When investing strategies are back tested, the prevailing approach is to use daily closing prices both for the signal and for the entry point. This is all well in theory, but implementing such a system in practice is far from straightforward. The most obvious problem is that the close remains unknown until the end of the day, thus, we don’t know what our action needs to be at the close before the close is in place, but that’s the end of the trading day. A form of the chicken and egg problem.
The way I approach this problem usually is by trying to compute in advance my actions for all possible and reasonable (for instance, it is unreasonable to compute the desired action for S&P500 falling 50% in a day) scenarios.
Often, we can compute the desired position by reverse engineering the strategy. For example, let’s assume we are using a crossover strategy between the price and the 200-day moving average. We don’t know the upcoming close, but based on the previous 199 closes, we can compute the point at which the next close will equal to the 200-day moving average including the new close. Once we determine this point, any close above this point would indicate a long, otherwise we would like to be out of the market.
There are two major problems with the above approach:
- It works mostly for simple models (consider reversing the stochastic indicator)
- An automated implementation would require unique code for each system
- An automated implementation would also require much different code from what we have already coded for the back testing.
Both the second and the third argument increase the likelihood of bugs and, thus, the testing cost. Even if the second and third bullet don’t apply to you (I keep hearing there are some bright individuals who write bug-free code), one still has to deal with the first, so bear with me. It’s good to have a reasonable alternative.
The simplest solution is to use brute force. It all depends on the strategy, but in general the idea is to first generate the set of possible outcomes (for example all possible closing prices for the next day), then to attach each possible outcome to the end of the series, then run the engine generating the signals (from the back testing code base) on each of these possible series and keep the results. The only optimization is to parallelize the computations.
Let’s consider for example a contrarian trading of the SPY (S&P 500) using the DVI indicator. The strategy is very simple: if the DVI is above 0.5, we want to short the SPY. Otherwise we want to buy long the market. It is unlikely that the SPY will move more than 10% either way on any given day. Thus, using the last day close we can generate all closing prices (rounding to a penny) for the next day within 10% of the today’s price. For each of these prices we compute DVI and the corresponding position. Finally, we compress the information keeping only the points where the position changes sign.
The result of such computation is what I call a table of actions. Here is an example:
The table tells us that for any price below $132.73, the indicated position at the end of the day is long. Otherwise – short. Easy, right?
We also need to execute the indicated trade. Even this is somewhat challenging. My favourite broker, Interactive Brokers, allows two types of orders which I find quite useful: Limit On Close (LOC) and Market On Close (MOC). MOC is simply a market order at the close. A LOC order is also executed at the close, but it’s executed only if the closing prices is better than the pre-defined limit price.

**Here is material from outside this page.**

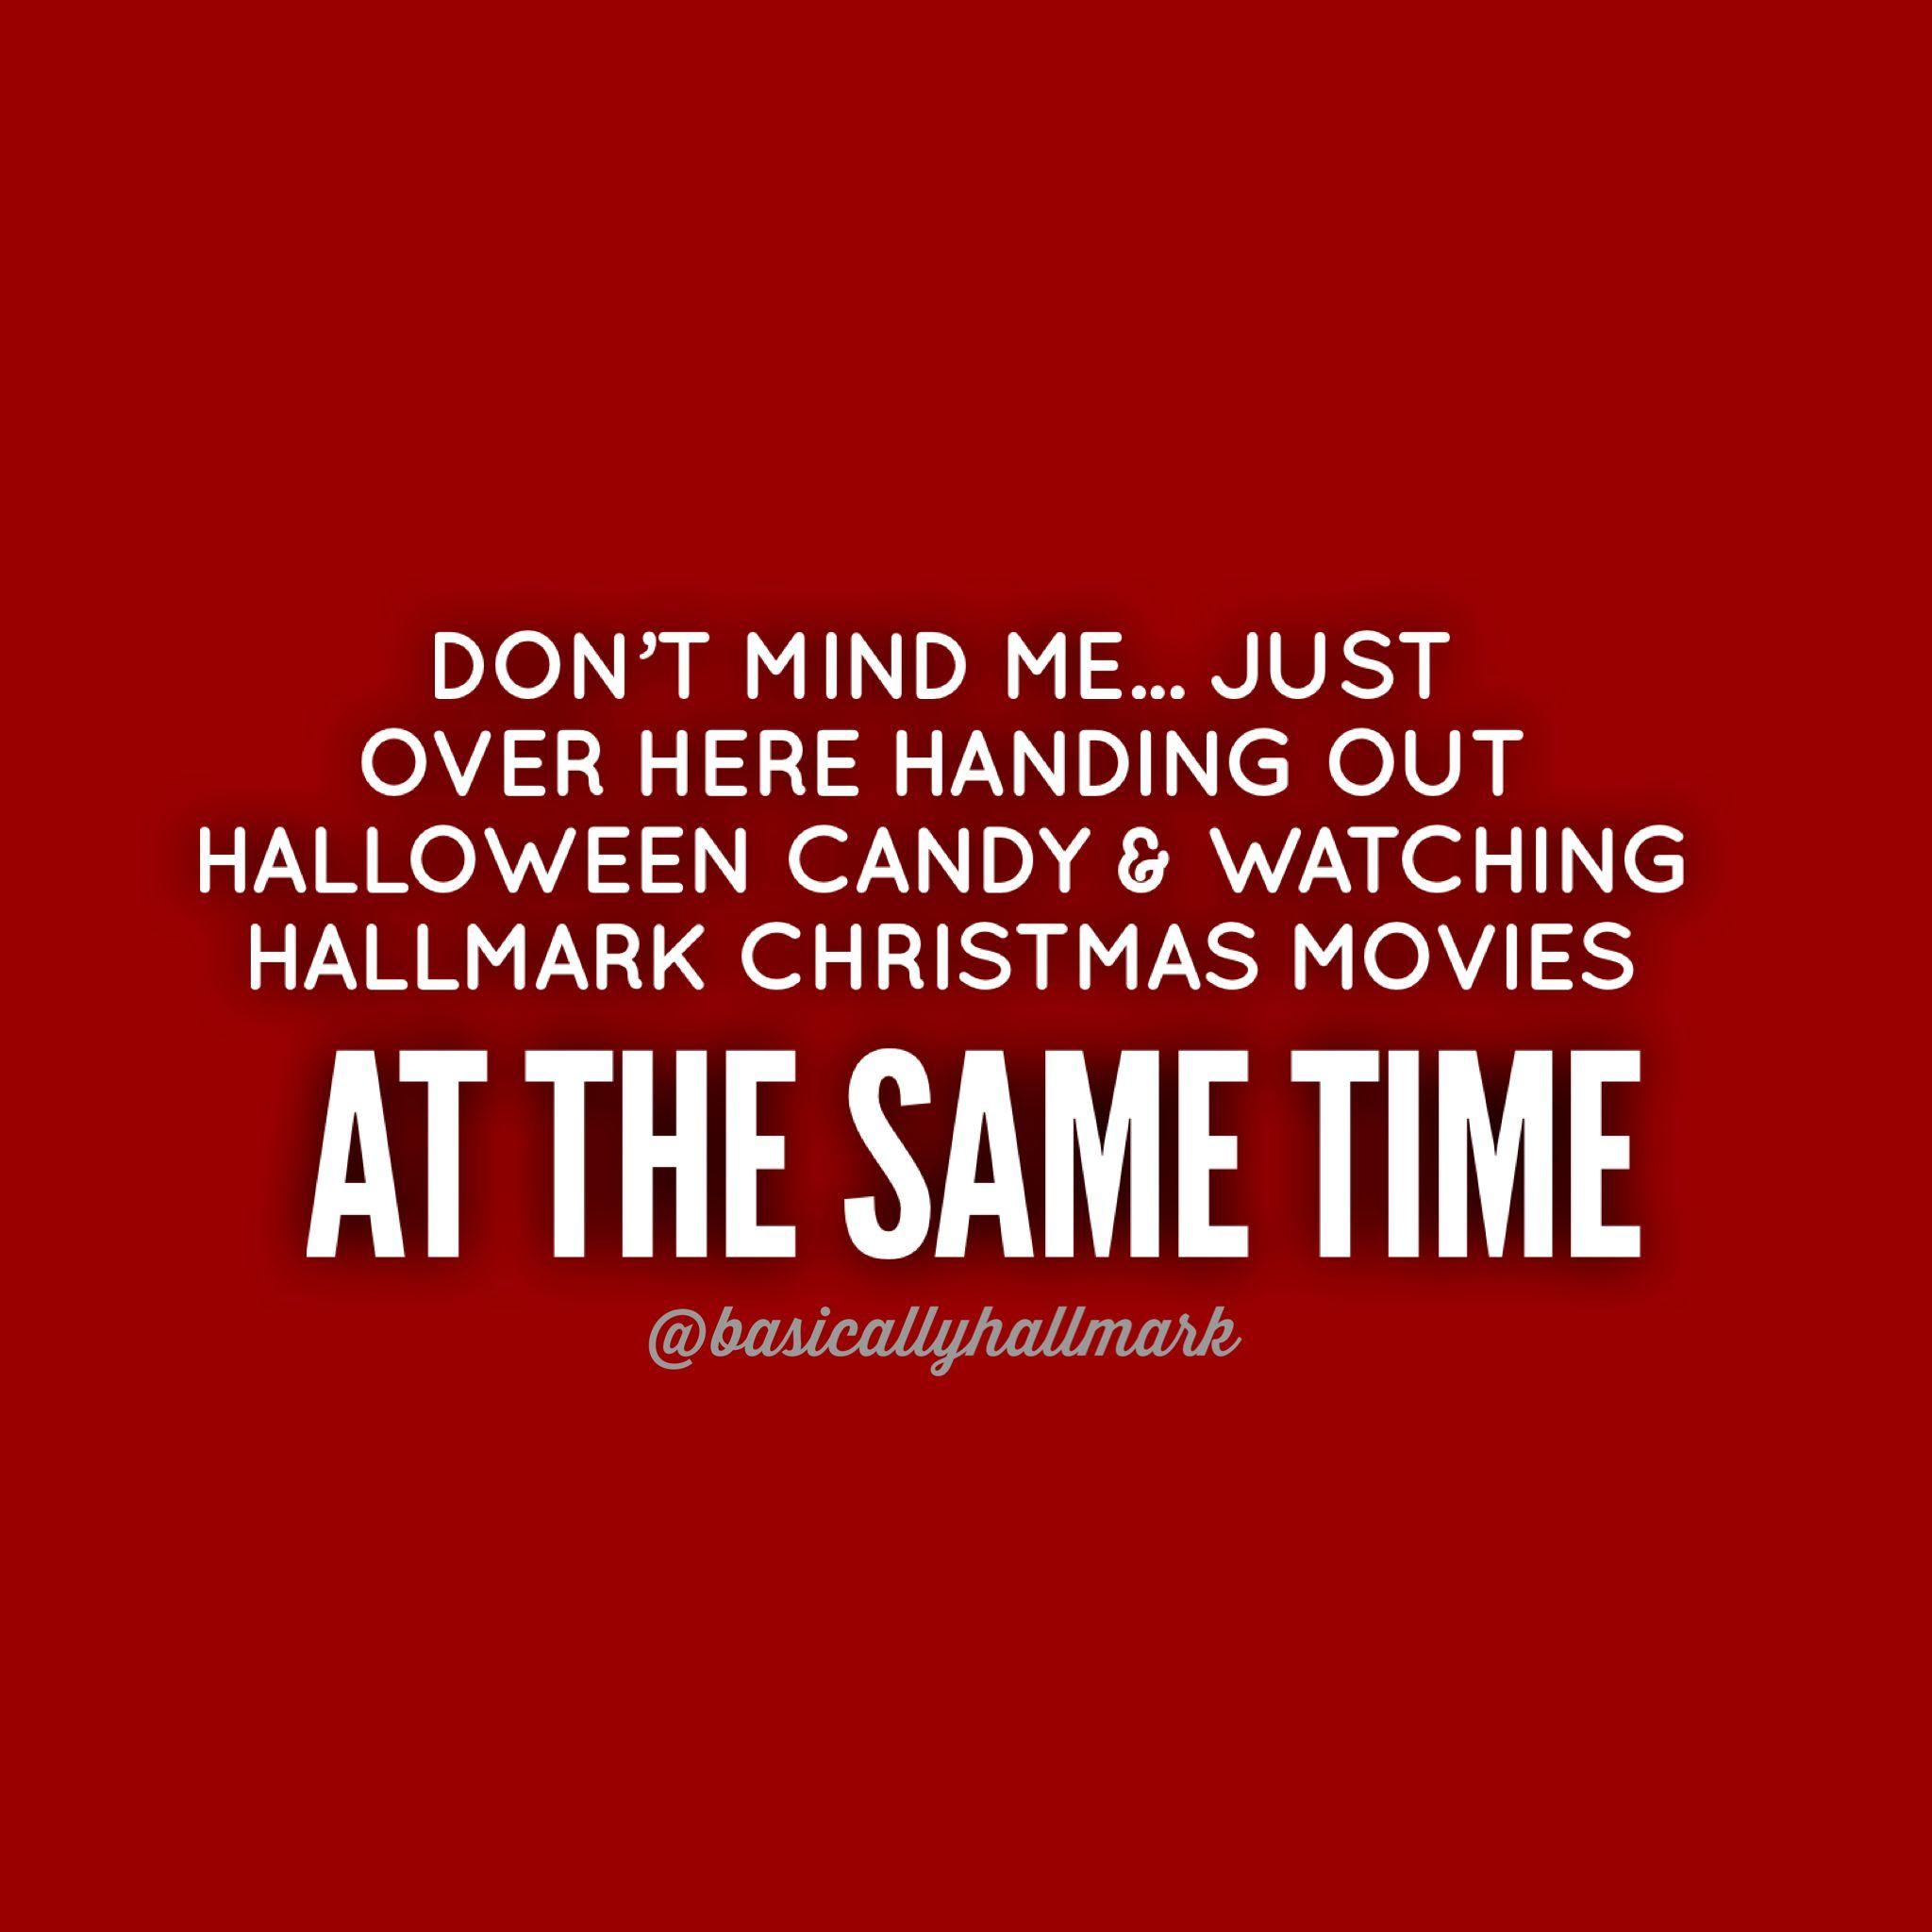 Halloween Hallmark Meme Fallmemes Halloween Christmas Memes Funny Quotes Trickortrea Christmas Quotes Funny Christmas Movie Quotes Funny Movie Memes

Let’s take the above action table as an example, and let’s assume that currently I am 1,000 shares long the SPY. From the table, we want to flip the position to short for any price equal or better than $132.73. I would log in at any point during the day and put a LOC sell order of 2,000 with a limit price of $132.73. If my order is executed, I will end up short 1,000 shares.
Some days the table of actions is even simpler:
The message is clear – go short at the close. In this cases, a MOC sell order for 2,000 shares is appropriate.
Things get a little bit more complicated when we consider the action table from another indicator, a moving average crossover:
Let’s assume that we are out of the market, looking for an entry unless the market closes more than 1.71% down. This time a LOC buy order will not help, it will do (assuming the limit is $129.16) the opposite! The reason is that for a buy order the limit requires the limit price or better, while the above table of actions implies a long position at the limit price or worse!
There are different solutions. For instance, if at 15:30pm the market is hovering around $130 on a low volatility day, I may conclude that it is very unlikely for the market to drop below $129.16 by 16:00pm and I may simply put a MOC order to change to short. An alternative is to prepare a market order, check the price 10 seconds before the close and decide whether to fire the order or not. One really needs to look into his brokerage software and decide what best works for him. Interactive Brokers for instance, has something called Conditional Order, which may be another solution, but I never tried it.
The table of actions doesn’t have to have a single inflection point (where the position changes from long to short or vice versa). An overbought/oversold strategy RSI(2) will have two inflection points: Long, Short and Neutral. Even worse are the table of actions coming from my ARMA indicators. On some days I am faced with the following:
How realistic is this approach of trading in real life? From my experience it works exceptionally well – in my trading I manage to stay pretty close to the backtest results. Of course, it goes without saying that liquidity is important, which is of no concern to me since I trade only highly liquid ETFs.